En effet, certains éléments relèvent exclusivement du contrat de travail dans son essence, et nécessitent donc l’accord du salarié avant d’être modifiés, parmi ceux-ci on peut trouver la rémunération du salarié ou de son temps de travail. D’autres éléments sont sujets à interprétation, en fonction de l’importance de la modification. Il s’agira par exemple des horaires de travail (à ne pas confondre avec le temps de travail qui est un élément essentiel du contrat).

Changement des conditions de travail

Tant qu’il ne remet pas en cause une clause prévue, (comme une clause de hardship) l’employeur est autorisé à modifier unilatéralement les conditions de travail de ses employés.
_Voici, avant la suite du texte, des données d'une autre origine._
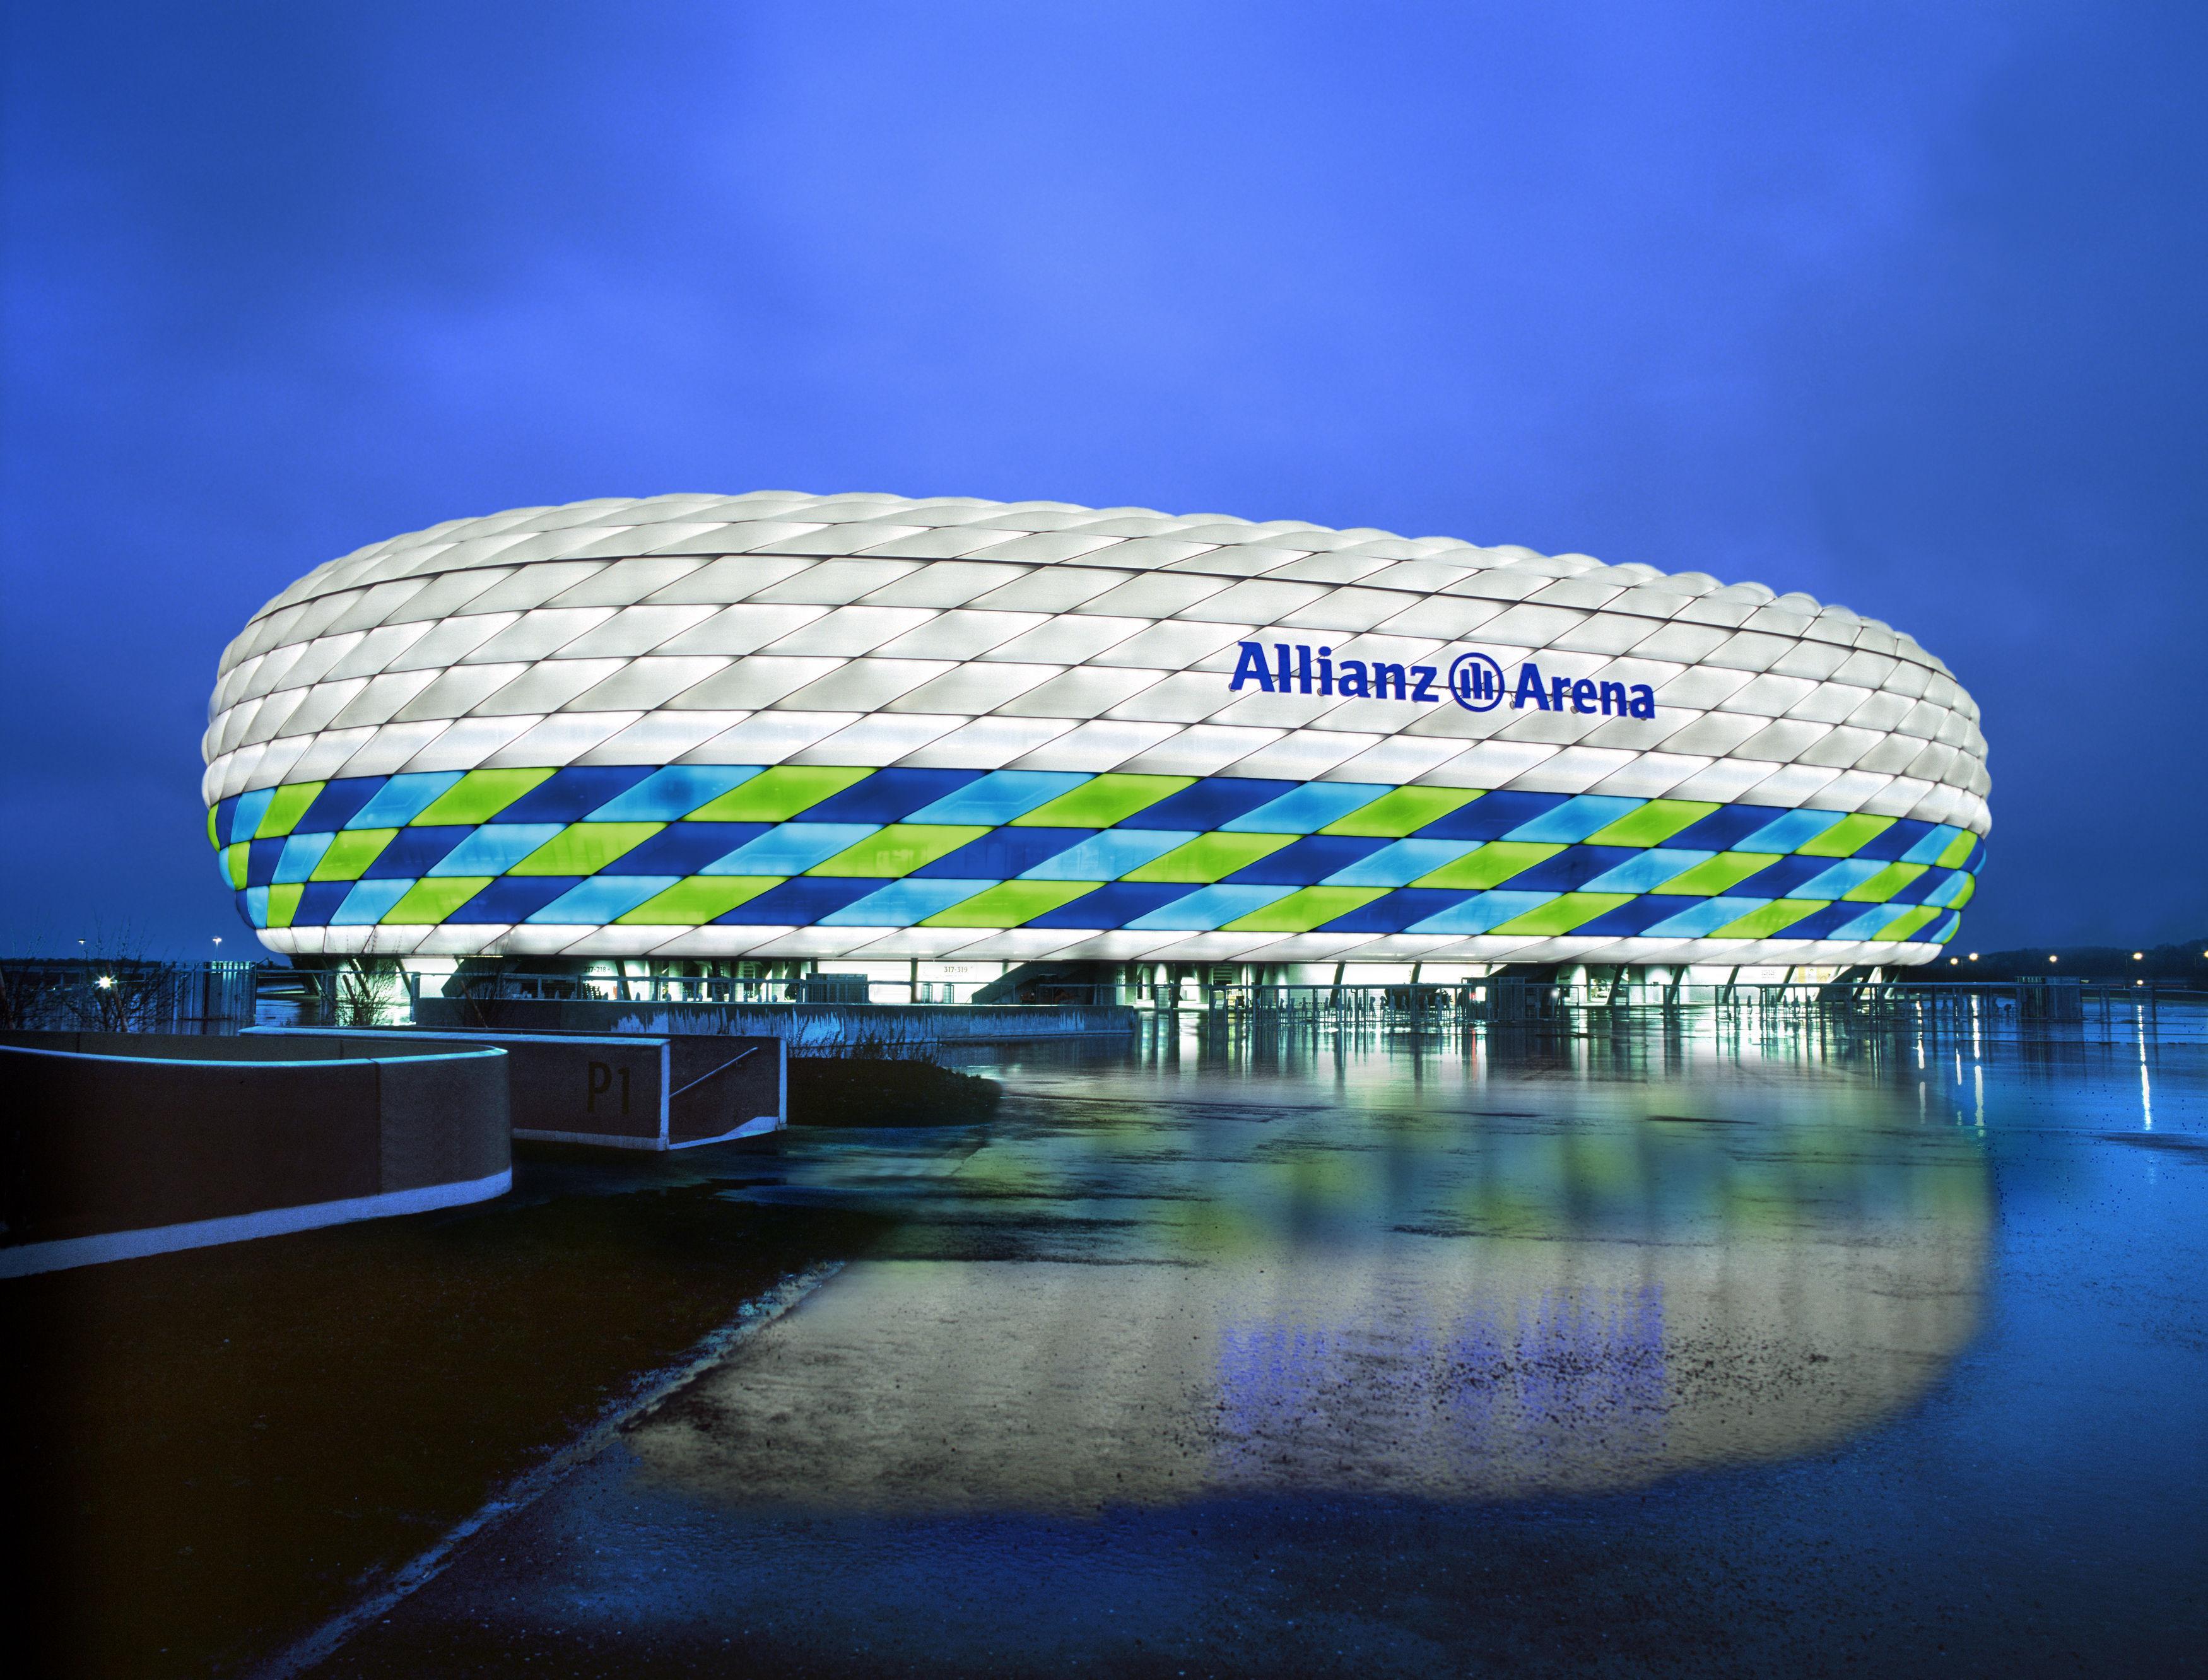 ¿Quién juega en el Allianz Arena?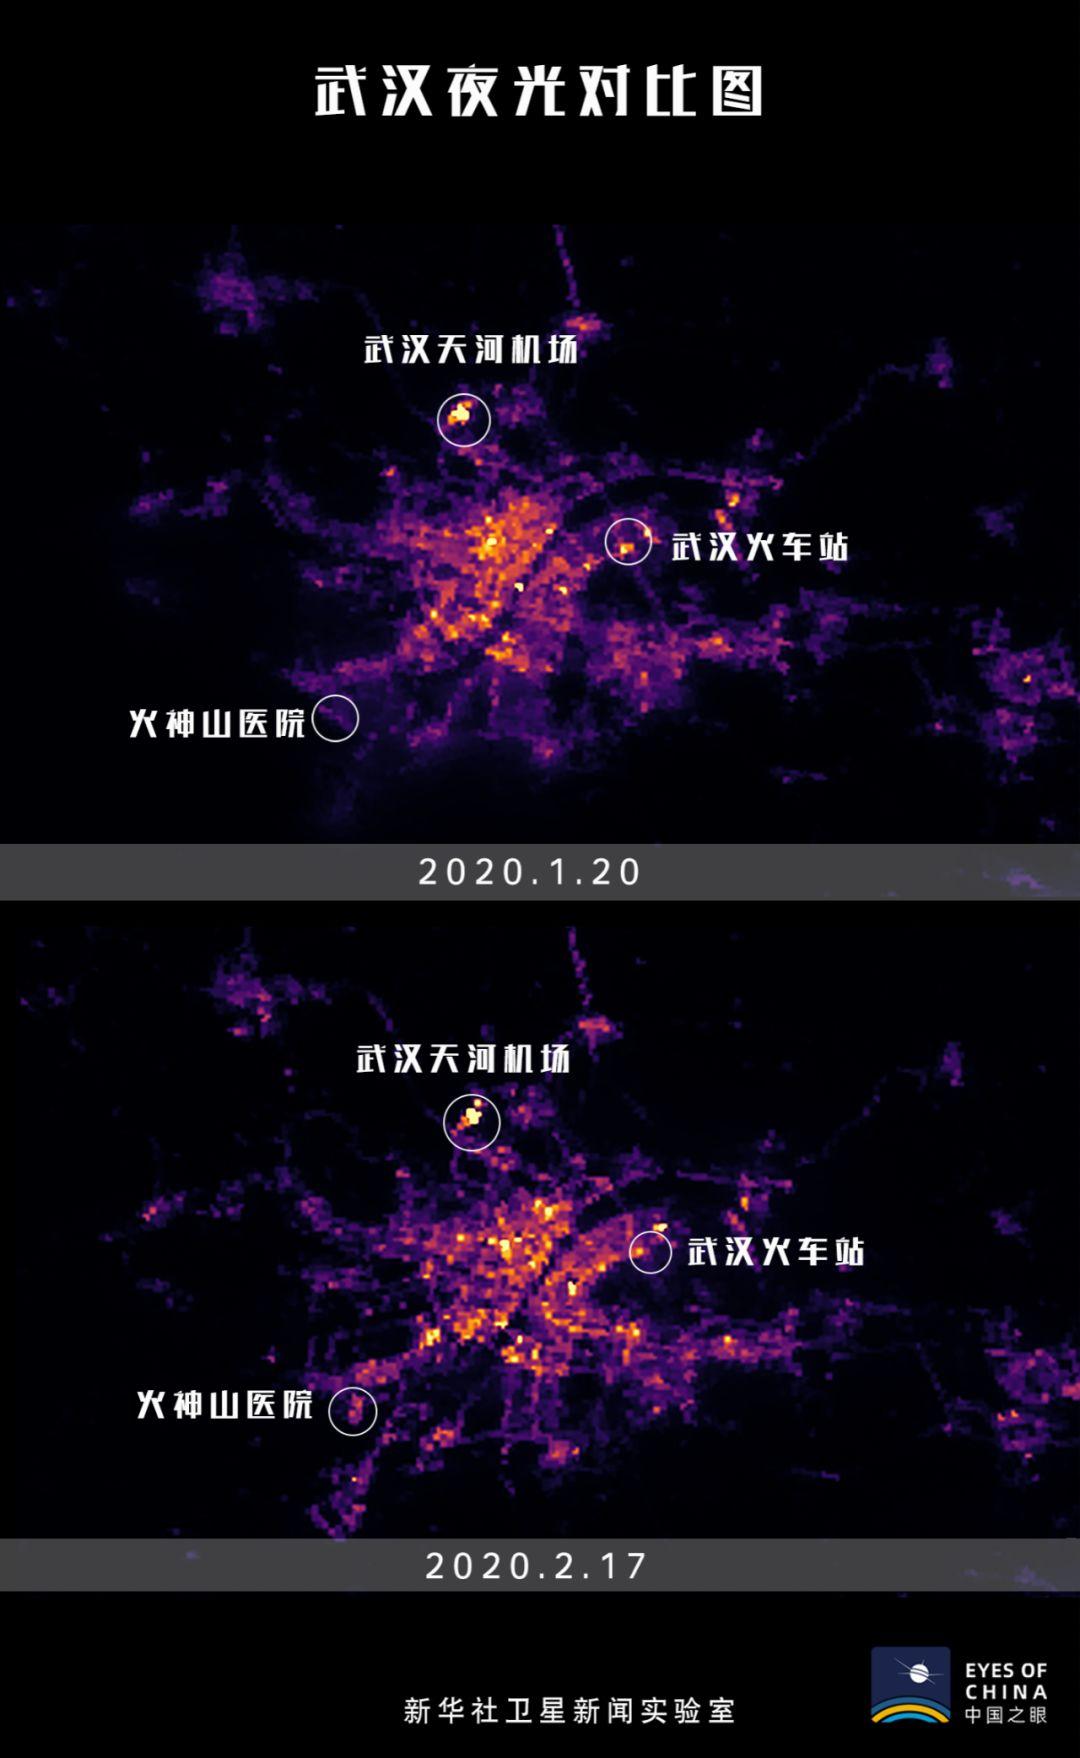 夜光对比图表现,离汉通道关闭前后,武汉并异国沉寂(夜光数据:北京佳格天地科技有限公司)

Ces modifications peuvent concerner, par exemple :

  • la répartition des heures de travail d’un salarié à temps plein (sans modifier la durée du travail, ni bouleverser les horaires de travail) ;
  • une nouvelle tâche confiée au salarié ;
  • le déplacement du lieu de travail sous réserve qu’il s’agisse du même secteur géographique
Bon à savoir : si le contrat de travail comporte une clause de mobilité, il sera également possible pour l’employeur de transférer l’employé dans un autre secteur géographique.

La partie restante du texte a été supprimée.